05-18-2014 01:05 PM
I need some help in data management, I have a large dataset of 17375 observations and 3997 variables. I wish to split this date into three sets of 17375 observations 1333 variables, while retaining all the observations and the unique identification code for future re-merging.
I wish to get help in developing this SAS code for doing the splitting
Thanks in advance, I would appreciate your assistance
05-18-2014 02:58 PM
3997 variables, that's a lot of variables indeed. But splitting them arbitrarily into three sets might not be the best strategy. It might be better to organize your data differently and keep them in the same dataset. What are these variables?
05-18-2014 03:28 PM
Just guessing with a calculation.
17K observations is not much 4k variables is. Most DBMS systems do not support that amount of columns. 17k * 4K * 8bytes is about 640Mb still not big. Unless longer characters are part of the dataset you do not get to the 32-bit / 2Gb limit. As PGStats is asking what these variables are, what is the real reason to want a split up?
05-19-2014 03:34 AM
I agree with , having that amount of variables is inconvenient in many ways. Imagine how to write programs to address all the variable by name. The oinly use case I've seen is with data mining that needs the data stacked in variables/columns.

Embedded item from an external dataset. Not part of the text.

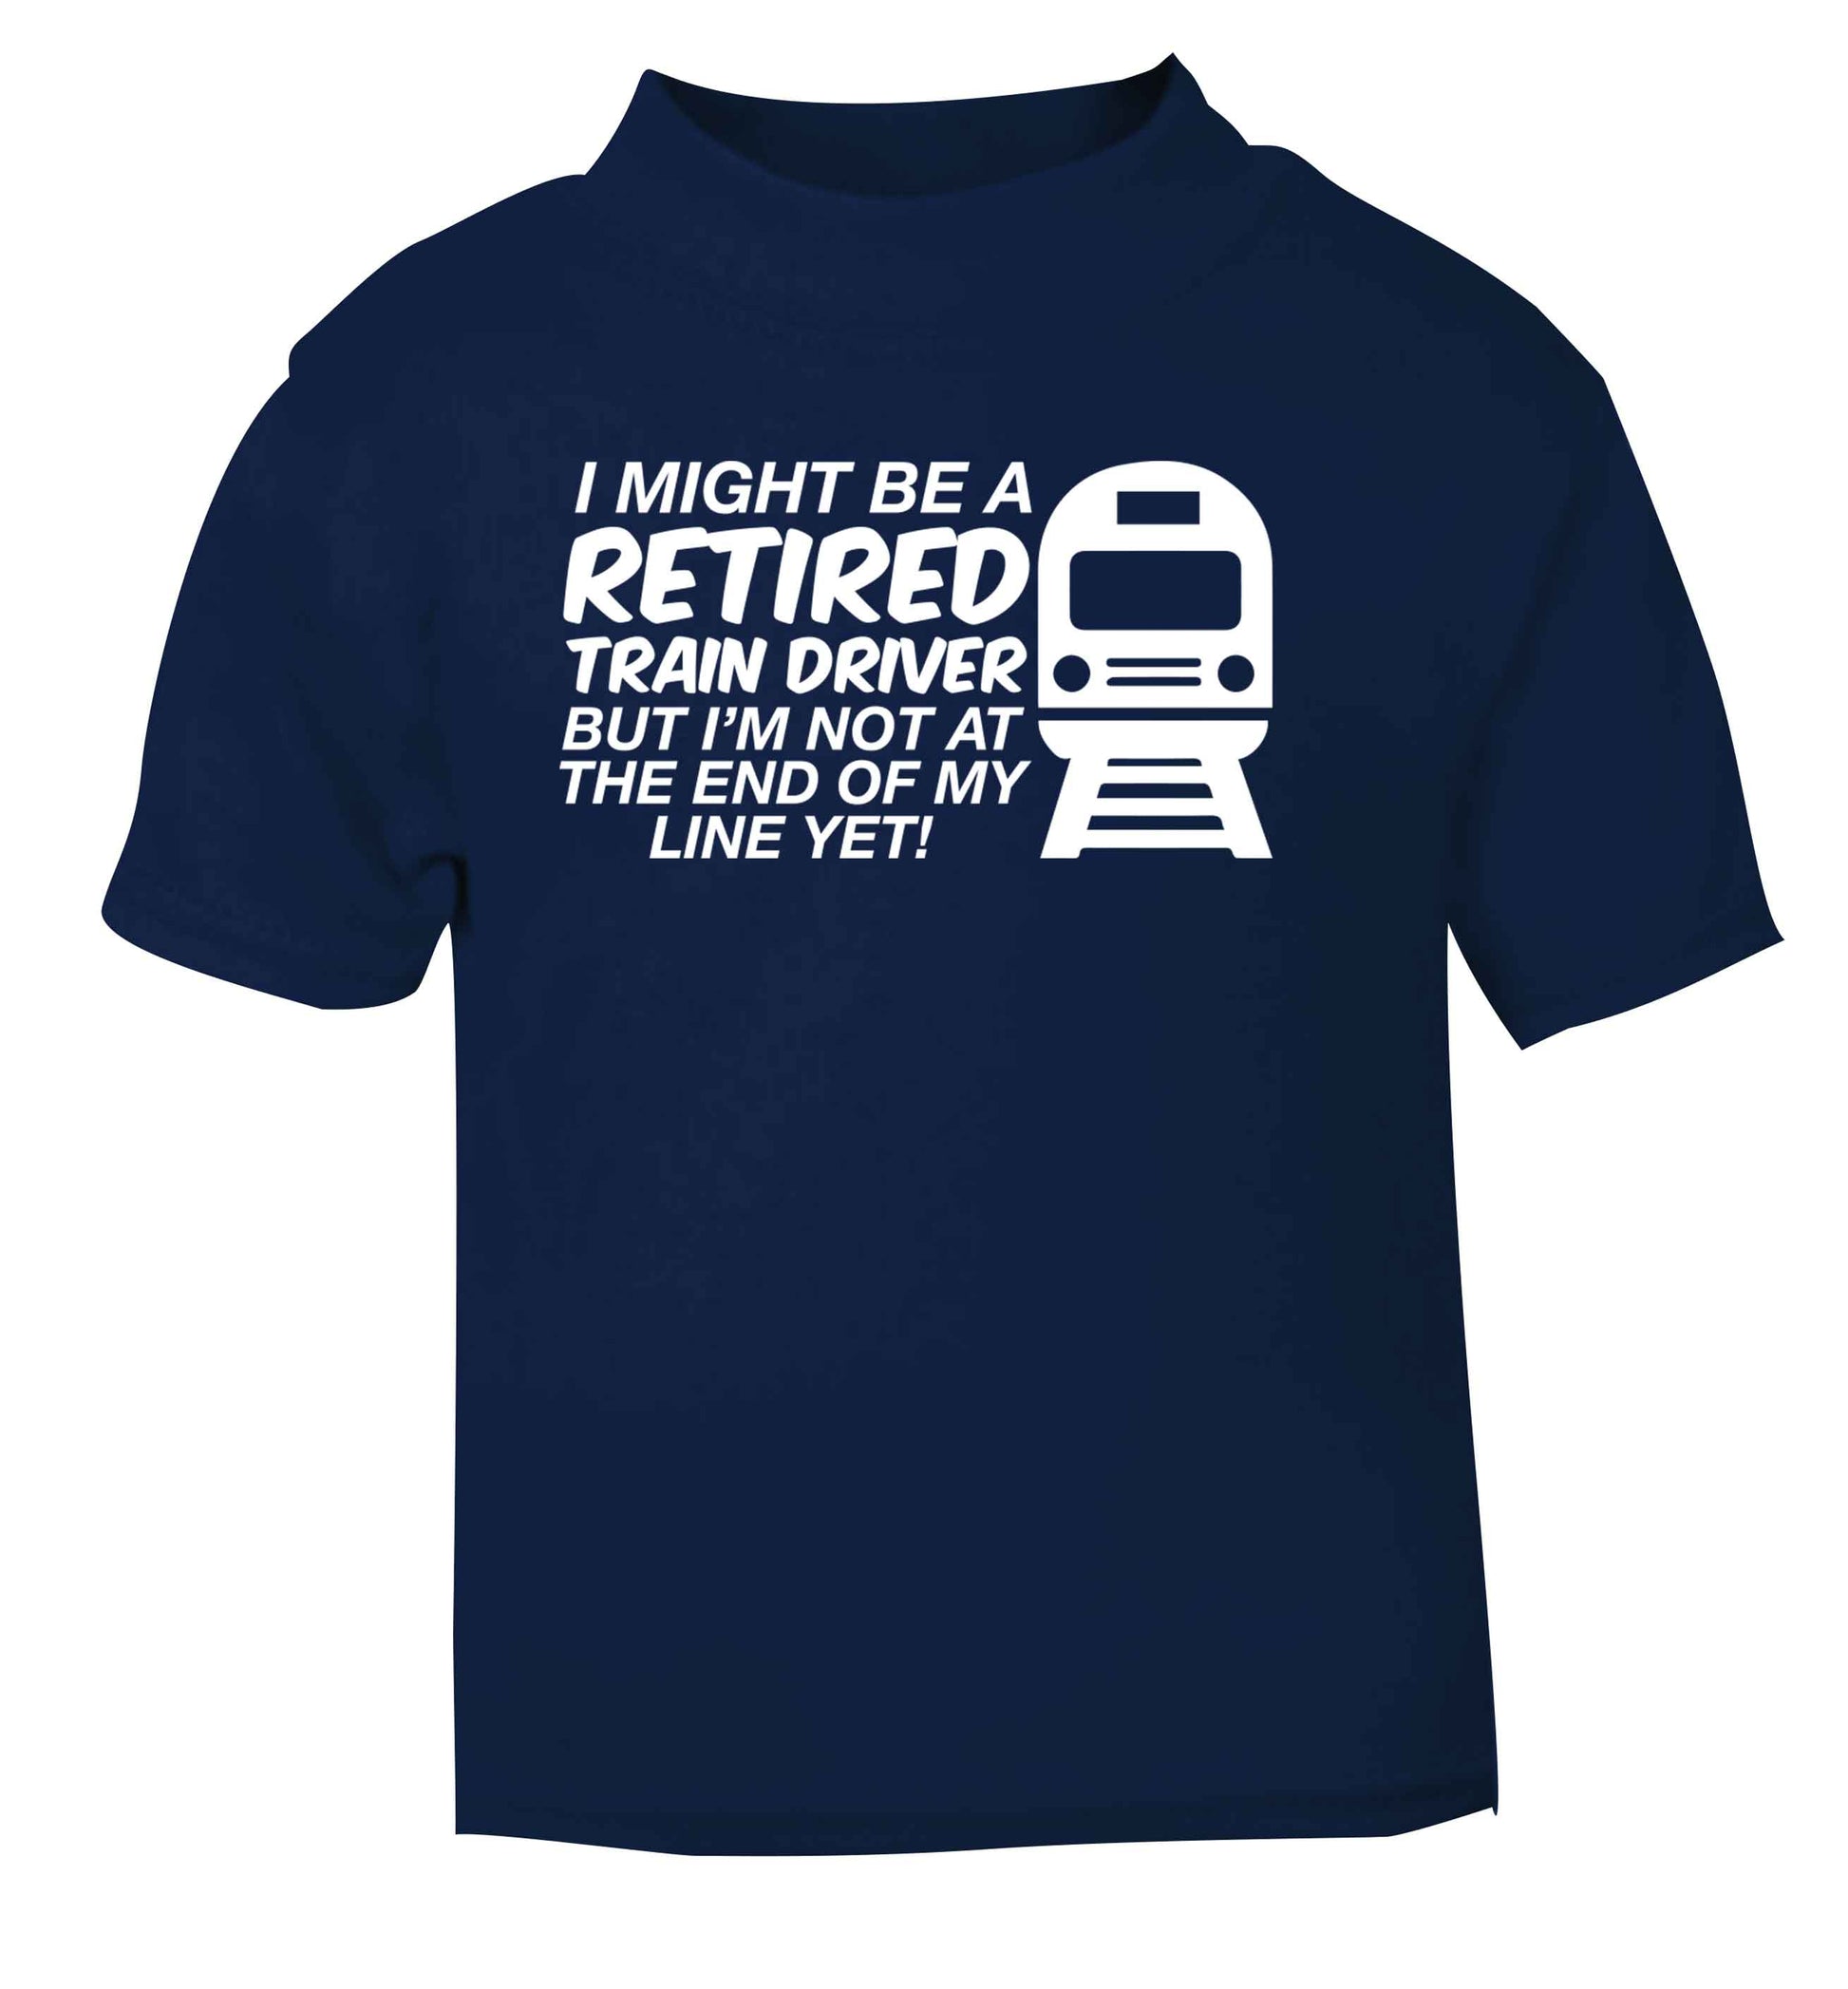 Retired train driver but I'm not at the end of my line yet navy Baby Toddler Tshirt 2 Years

So without knowing your requirements, my guess is that you are better off transposing your data in some way.
05-19-2014 06:55 AM
Message was edited by: data _null_
05-19-2014 07:33 AM
Thanks for the codes. However, for clarity, i have one request, could you please add brief descriptors to your codes to enable me follow through
05-19-2014 07:14 AM
Thank you all for your generosity,
To respond to your questions; this is a government data of household surveillance. The study objective is to "investigate the socio-economic déterminants of health inequality and inequity". The first step was to arbitrary break this large dataset into smaller ones, then asses the important variables for use. The selected varaibles could then be consolidate into afew manageble number via the principle component analysis. Finally, i am to merge the consolidated dataset and perform the core analysis of the study.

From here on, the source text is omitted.